A vulnerable adult may be able to consent to a minor procedure such as dental examination but not to a procedure with more wide ranging connotations such a general anaesthesia for a dental clearance. In the legal context, capacity is a threshold requirement for persons to have the ability to make decisions concerning their own welfare. Autonomy and self-determination are the pivotal keystones upon which human independence is based, and a finding that an adult lacks capacity results in the restriction or complete loss of basic human rights (Law Reform Commission Consultation Paper, 2005).

In re a Ward of Court (No. 2), which was a Supreme Court case concerning the withdrawal of feeding from a woman who had been in a persistent vegetative state (PVS) for more than 20 years following complications during a gynaecological operation, Hamilton CJ stated: ‘The loss by an individual of his or her mental capacity does not result in any diminution of his or her personal rights recognised by the Constitution, including the right to life, the right to bodily integrity, the right to privacy, including self determination, and the right to refuse medical care or treatment. The ward is entitled to have all these rights respected, defended, vindicated and protected from unjust attack and they are in no way lessened or diminished by reason of her incapacity’.

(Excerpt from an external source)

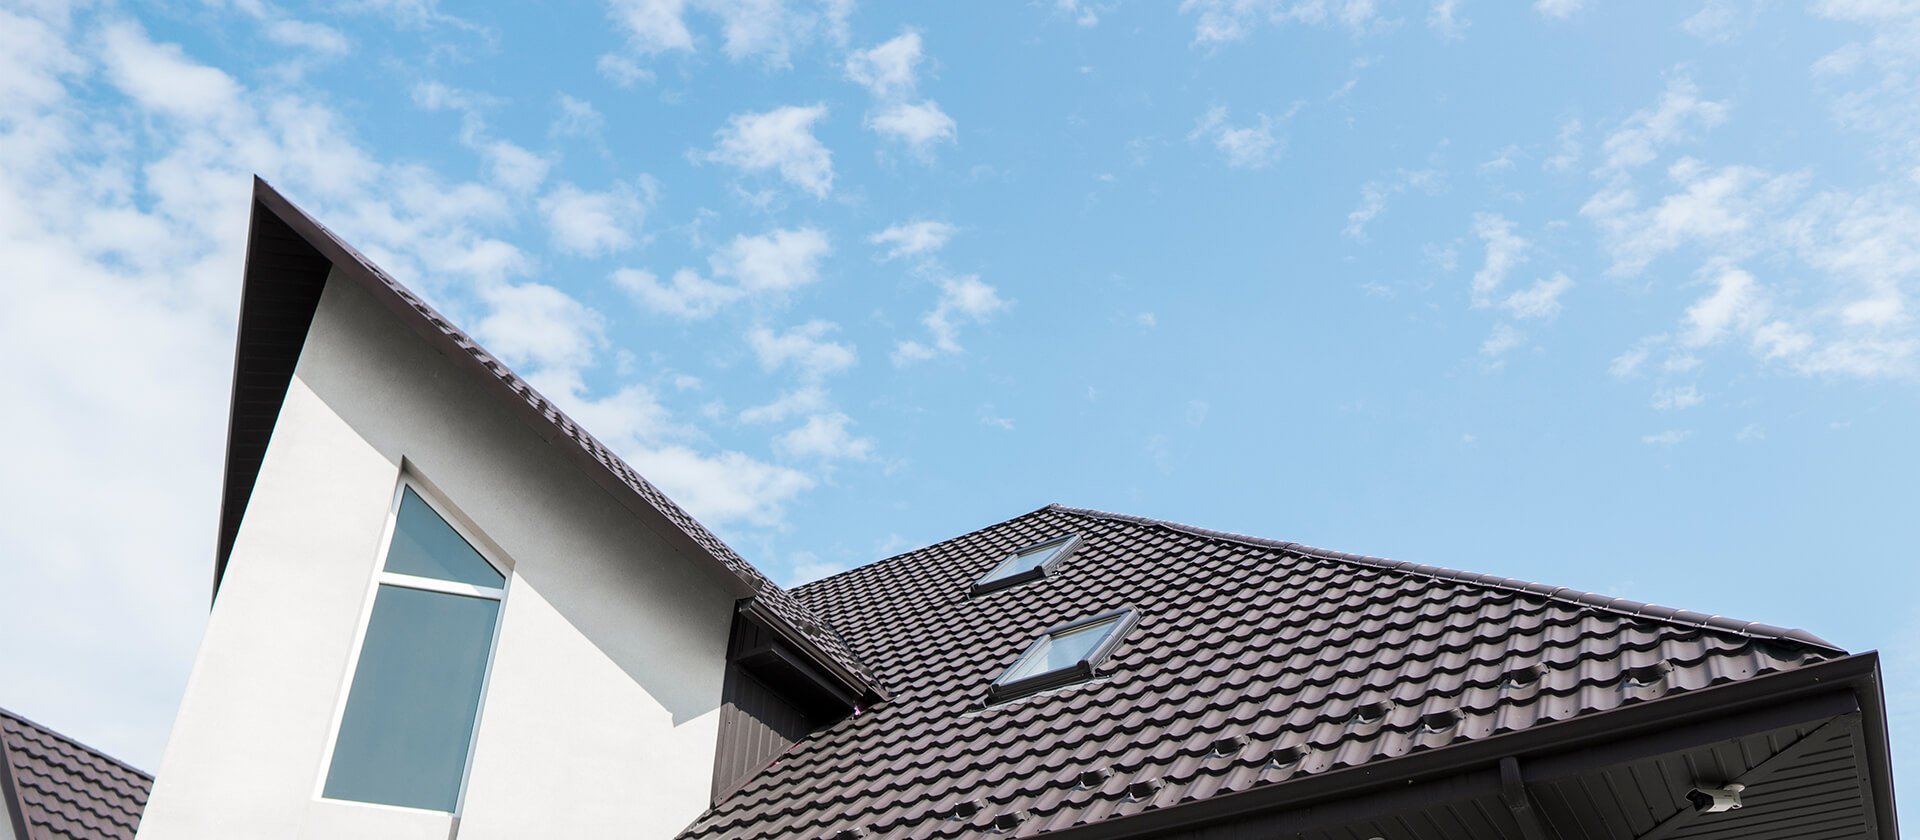 Roofing tips & tricks

There has been an increased interest in the concept of consent in relation to the vulnerable adult in Ireland. The question of who, if anybody, has the legal authority to consent on behalf of another person over the age of 18 years has been debated, particularly in the fields of medicine and dentistry.

The number of patients with some degree of mental disability seeking care from the community or general dental services is rising (Bridgman AM et al, 2000). There are 25,416 people in Ireland with an intellectual disability, including 7,730 in residential care (Crowley E et al, 2003). Senior citizens constitute a significant portion of the population and although the majority of over 65s are not mentally ill, depression and dementia are of significant concern.

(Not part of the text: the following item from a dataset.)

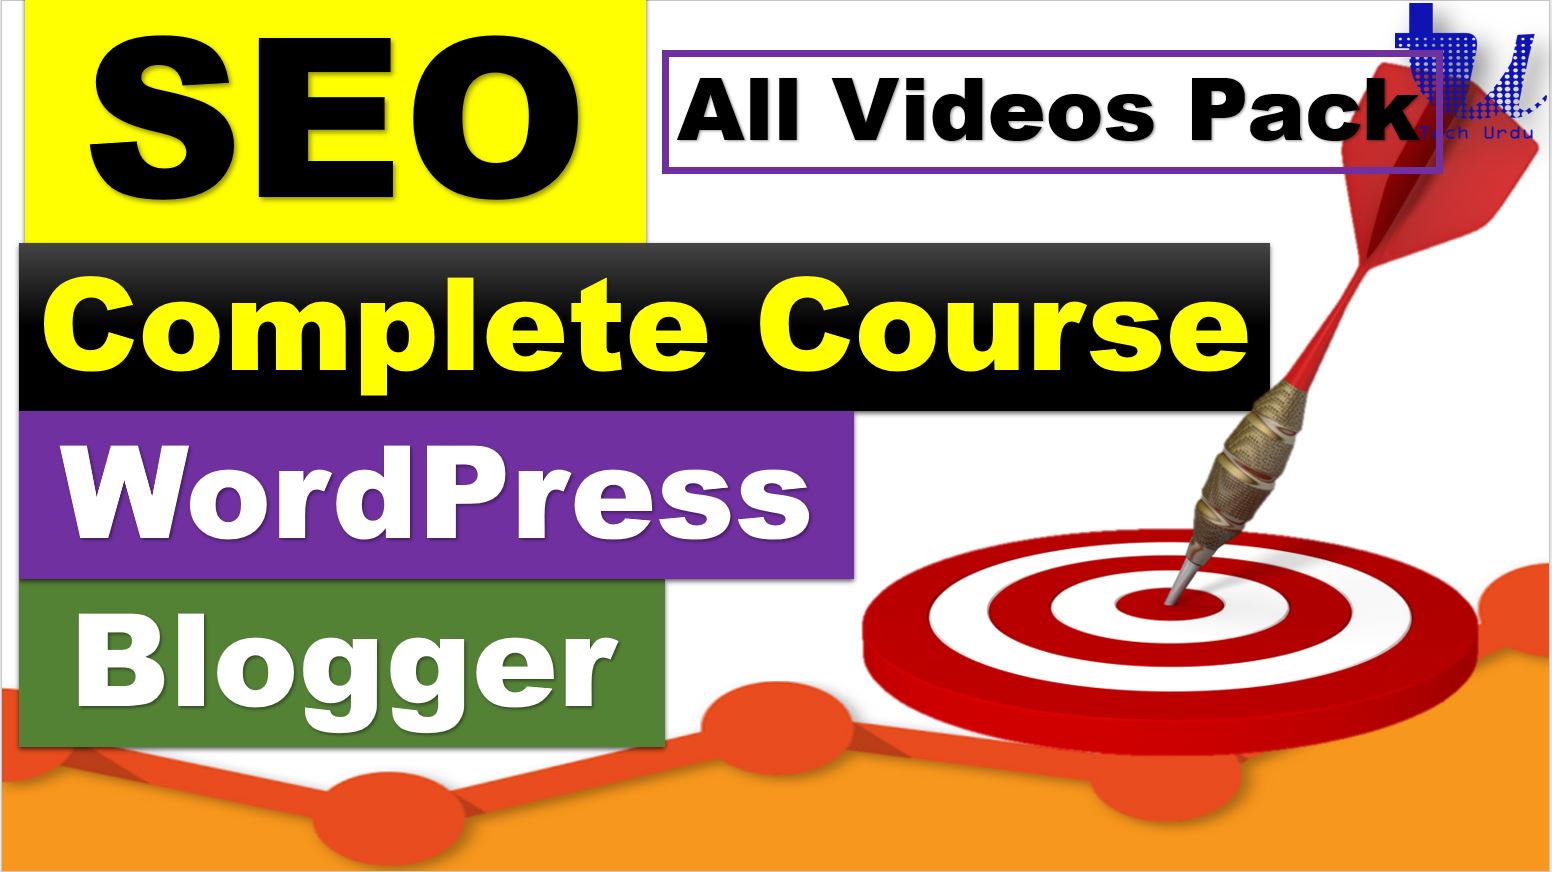 SEO Complete Course for WordPress and Blogger (FREE)

This article will address consent, focusing on consent in relation to an adult with limited powers of decision-making, and discuss recent recommendations by The Law Reform Commission in this area.

Assessment of capacity

The merit of a patient’s agreement to treatment is that it recognises his or her entitlement to make his or her own decision (Bridgman AM et al, 2000). For a person’s consent to be valid, he or she must be:

• Capable of taking that particular decision (competent)

• Taking the decision in a voluntary capacity

• Provided with the necessary information to enable them to make the decision (informed consent) (Department of Health, 2001).

It is accepted that consent is implied in many cases by the fact that the patient has come to the doctor/dentist for treatment. The Irish Medical Council has clear guidelines regarding informed consent: ‘Informed consent can only be obtained by a doctor who has sufficient training and experience to be able to explain the intervention, the risks and benefits, and the alternatives. In obtaining this consent the doctor must satisfy himself/herself that the patient understands what is involved by explaining in appropriate terminology. A record of this discussion should be made in the patients’ notes’ (Irish Medical Council, 2004).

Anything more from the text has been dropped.